Gabbard's claims of anti-Trump conspiracy not supported by declassified documents

The Hindu4 days ago
Director of National Intelligence Tulsi Gabbard this month declassified material that she claimed proved a 'treasonous conspiracy' by the Obama administration in 2016 to politicise U.S. intelligence in service of casting doubt on the legitimacy of Donald Trump's election victory.
As evidence, Ms. Gabbard cited newly declassified emails from Obama officials and a five-year-old classified House report in hopes of undermining the intelligence community's conclusion that Russian President Vladimir Putin wanted to boost Mr. Trump and denigrate his Democratic opponent Hillary Clinton.
Russia's activities during the 2016 election remain some of the most examined events in recent history. The Kremlin's campaign and the subsequent US government response were the subject of at least five major investigations by the Republican-led House and Senate intelligence committee; two Justice Department special counsels; and the department's inspector general.
Also Read | Republican-led probe finds Russia helped Trump in 2016 election
Those investigations either concluded — or accepted the conclusion — that Russia embarked on a campaign to interfere in the election through the use of social media and hacked material.
The House-led probe, conducted by Mr. Trump's allies, also concurred that Russia ran an election interference campaign but said the purpose was to sow chaos in the US rather than boost Trump. Several of the reports criticise the actions of Obama administration officials, particularly at the FBI, but do not dispute the fundamental findings that Moscow sought to interfere in the election.
The Associated Press has reviewed those reports to evaluate how Ms. Gabbard's claims stack up:
Russian election interference
CLAIM: 'The intelligence community had one assessment: that Russia did not have the intent and capability to try to impact the outcome of the US election leading up to Election Day.
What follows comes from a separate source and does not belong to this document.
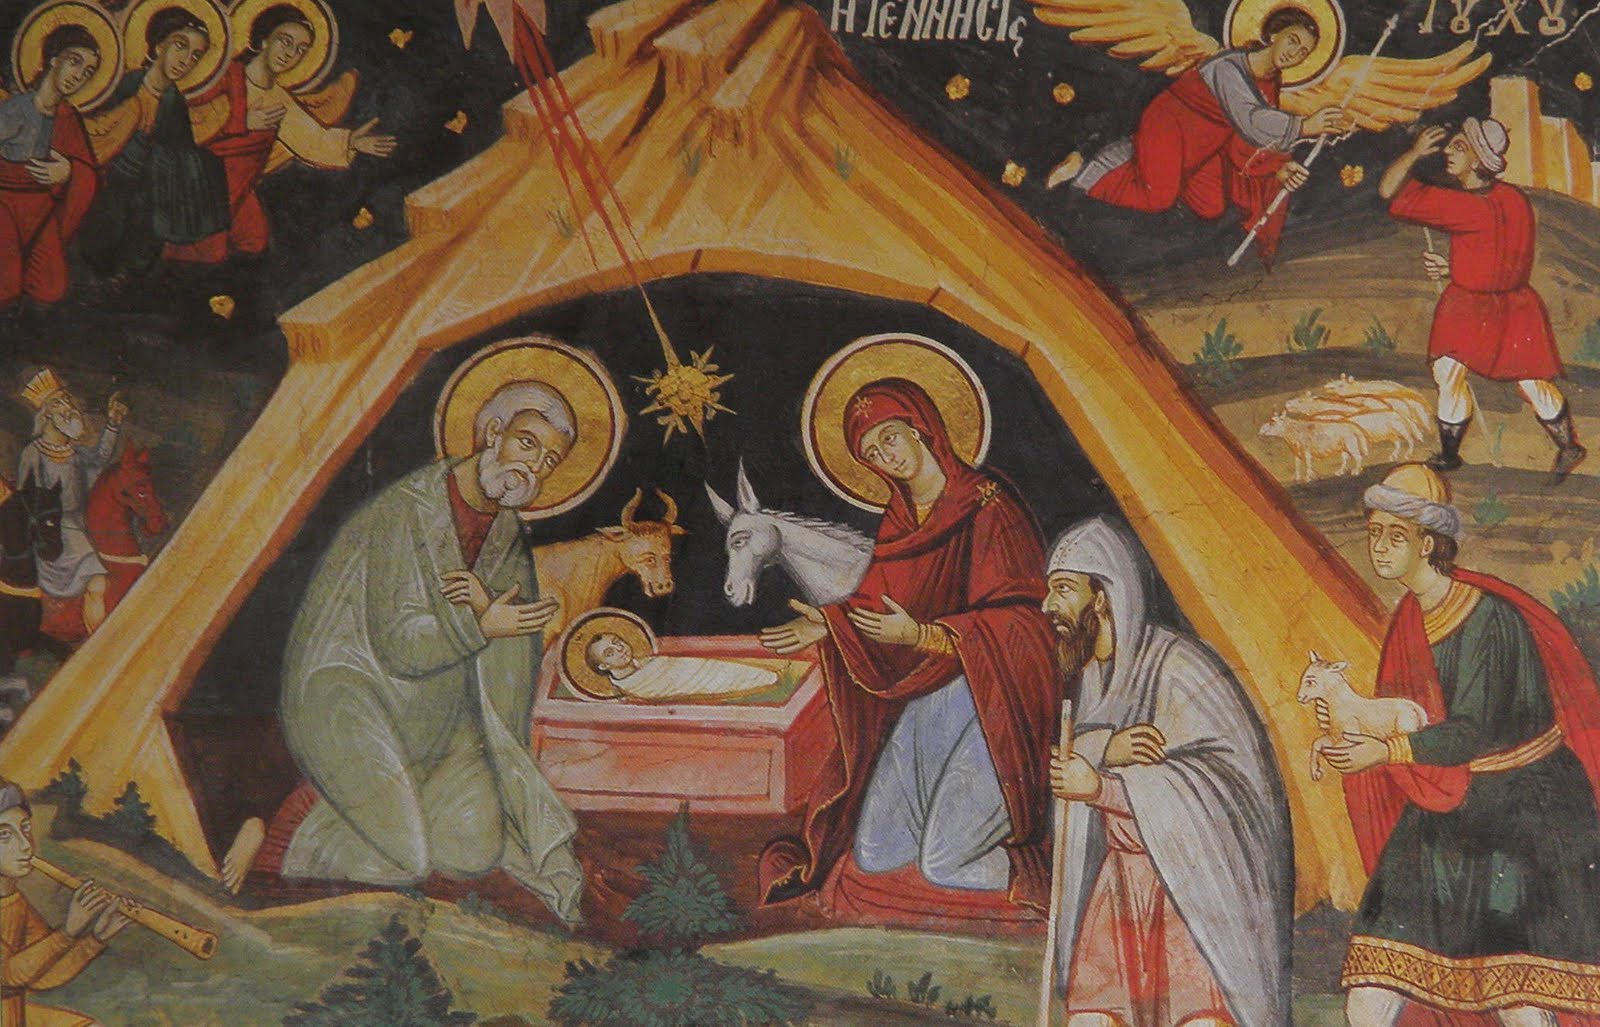 Πότε ξεκινήσαμε να γιορτάζουμε τα Χριστούγεννα; – Τι πληροφορίες έχουμε από τα Ευαγγέλια;

The same assessment was made after the election.' — Gabbard to Fox News on Tuesday.
The documents Gabbard released do not support her claim. She cites a handful of emails from 2016 in which officials conclude that Russia had no intention of manipulating the U.S. vote count through cyberattacks on voting systems.
President Barack Obama's administration never alleged that the voting infrastructure was tampered with. Rather, the administration said Russia ran a covert influence campaign using hacked and stolen material from prominent Democrats.
Russian operatives then used that information as part of state-funded media and social media operations to inflame US public opinion. More than two dozen Russians were indicted in 2018 in connection with those efforts.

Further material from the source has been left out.